• **To do**: Leave the pictures out, and repeat exactly every line from the one with "American Family: Compare" through the end of the data below.

• **Data shown**:
---
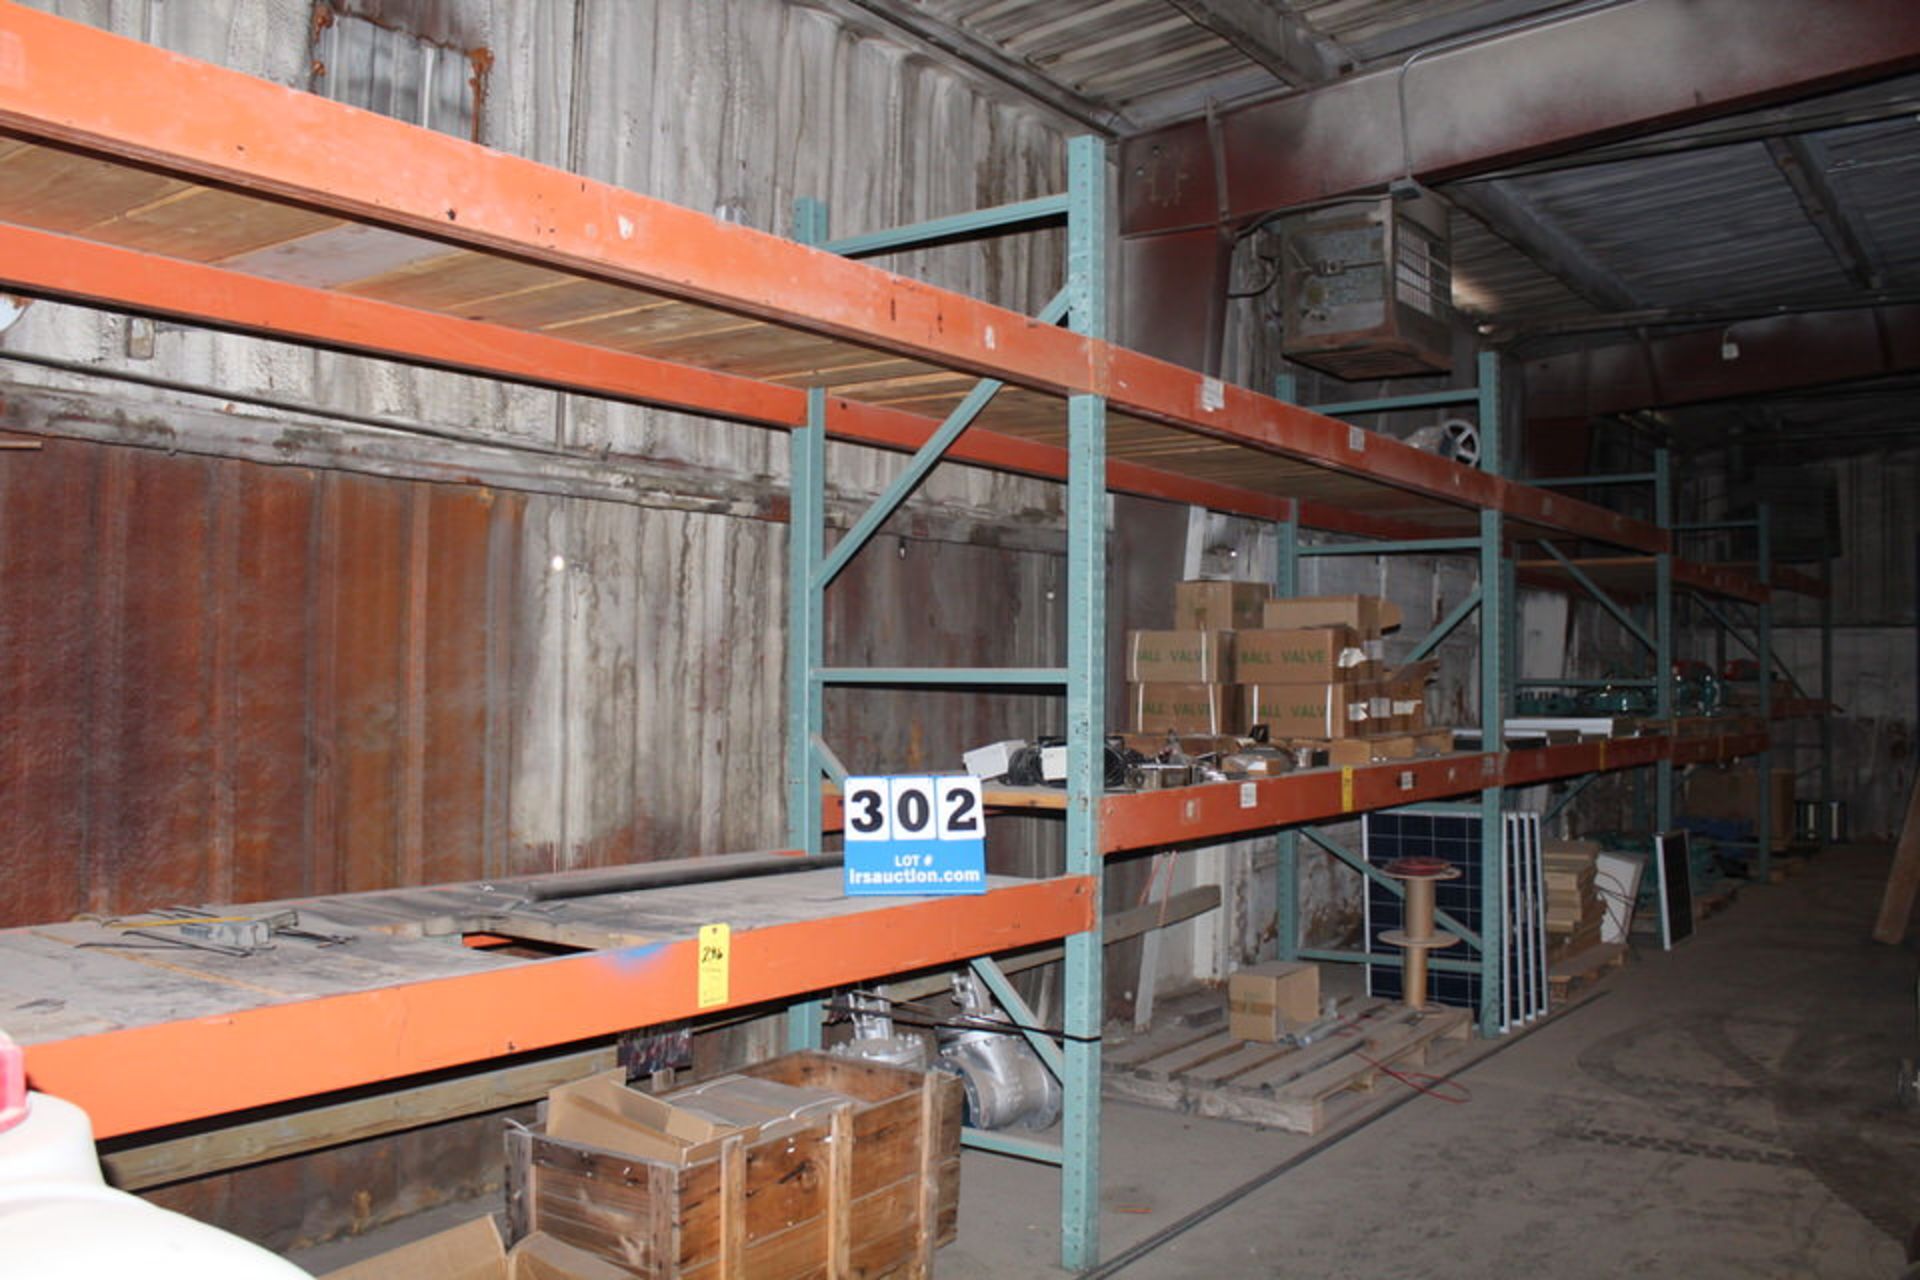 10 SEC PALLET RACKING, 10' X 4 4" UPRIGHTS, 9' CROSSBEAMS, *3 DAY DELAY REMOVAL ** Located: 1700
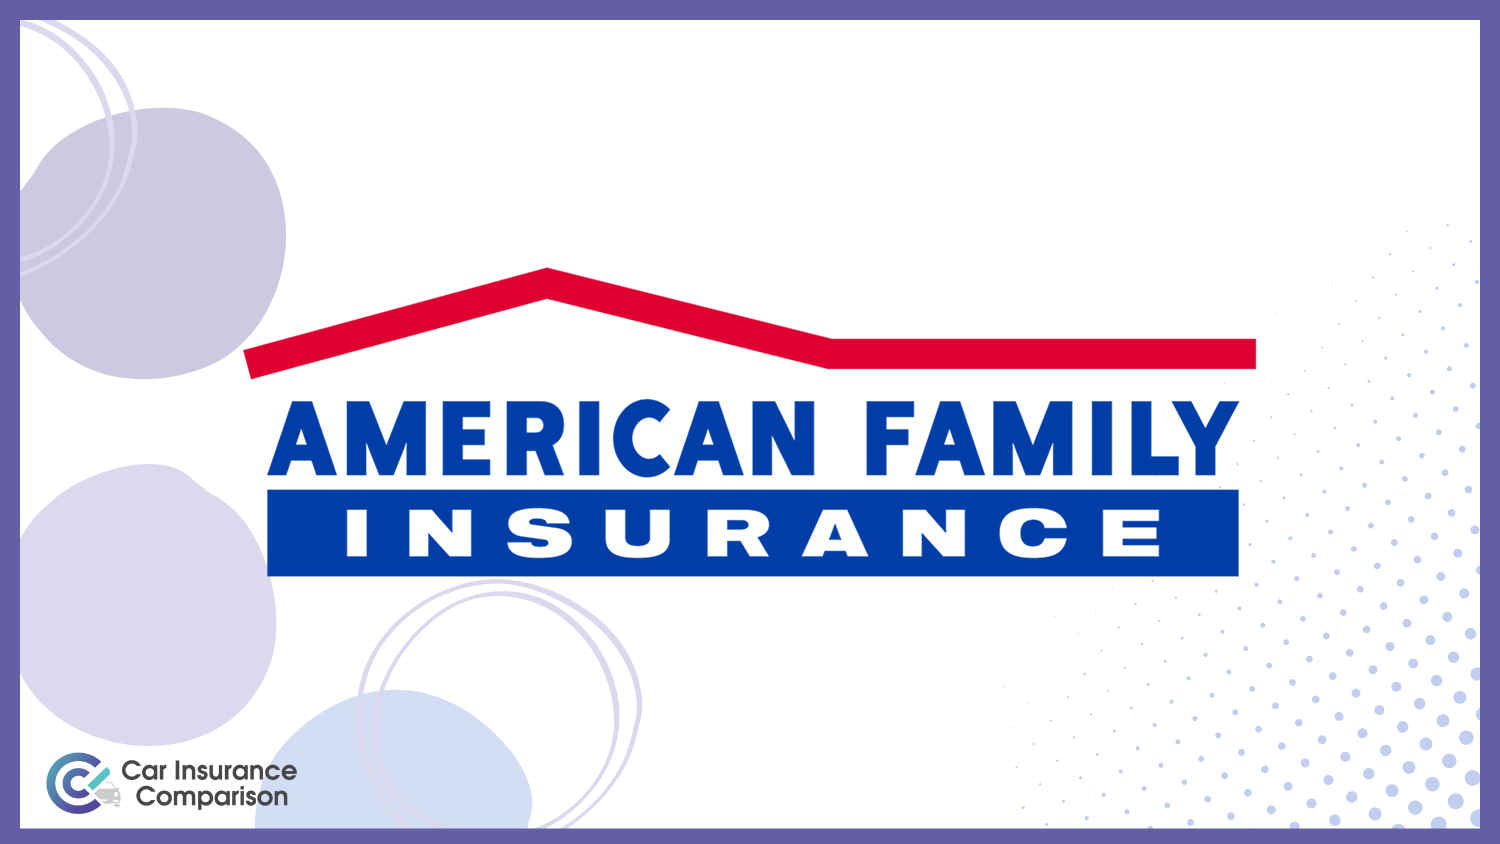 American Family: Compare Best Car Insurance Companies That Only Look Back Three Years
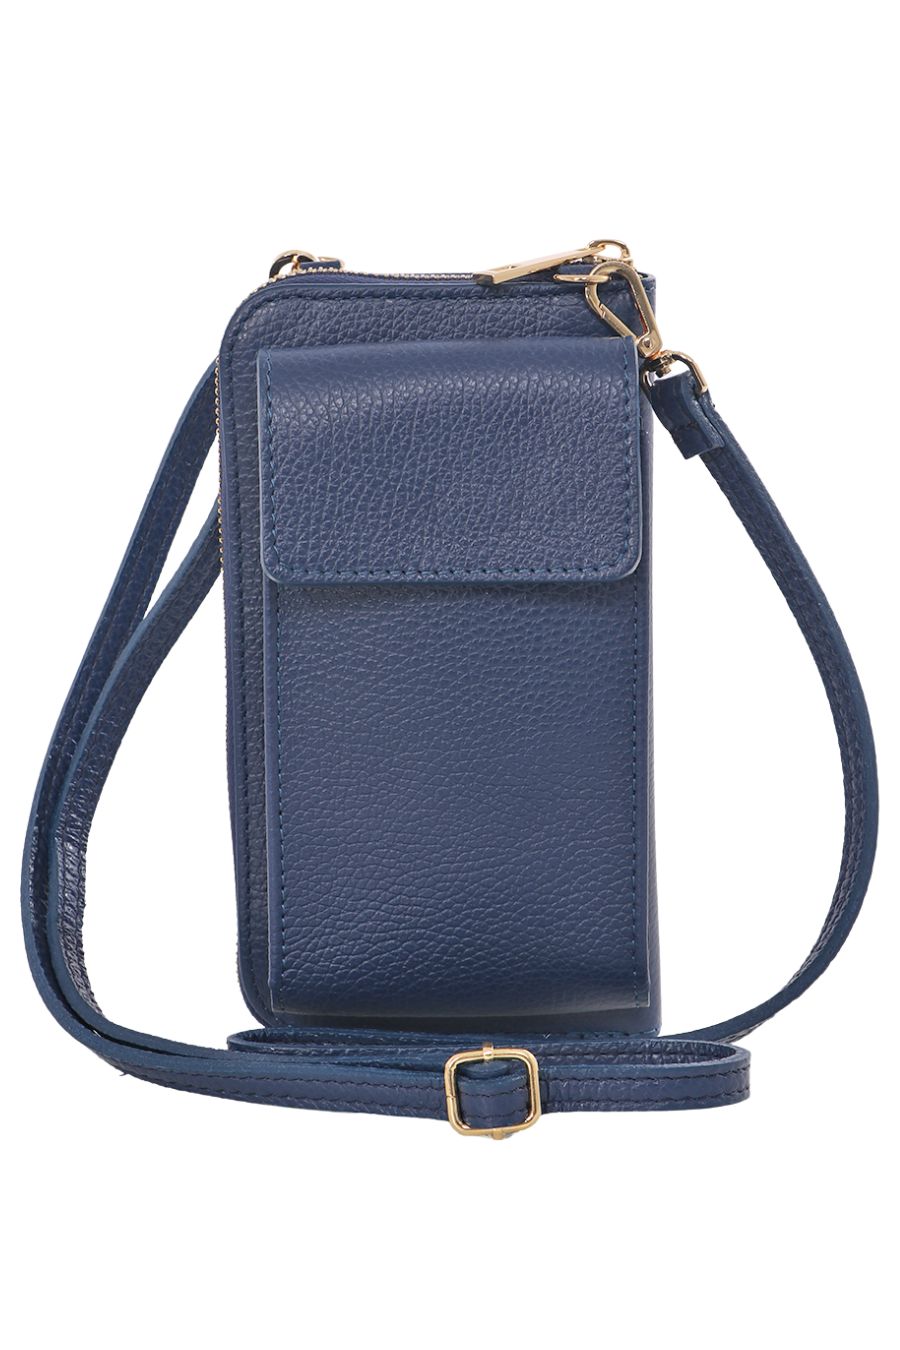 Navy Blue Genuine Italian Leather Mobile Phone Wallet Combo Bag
---
• **Written answer**:
 American Family: Compare Best Car Insurance Companies That Only Look Back Three Years
 Navy Blue Genuine Italian Leather Mobile Phone Wallet Combo Bag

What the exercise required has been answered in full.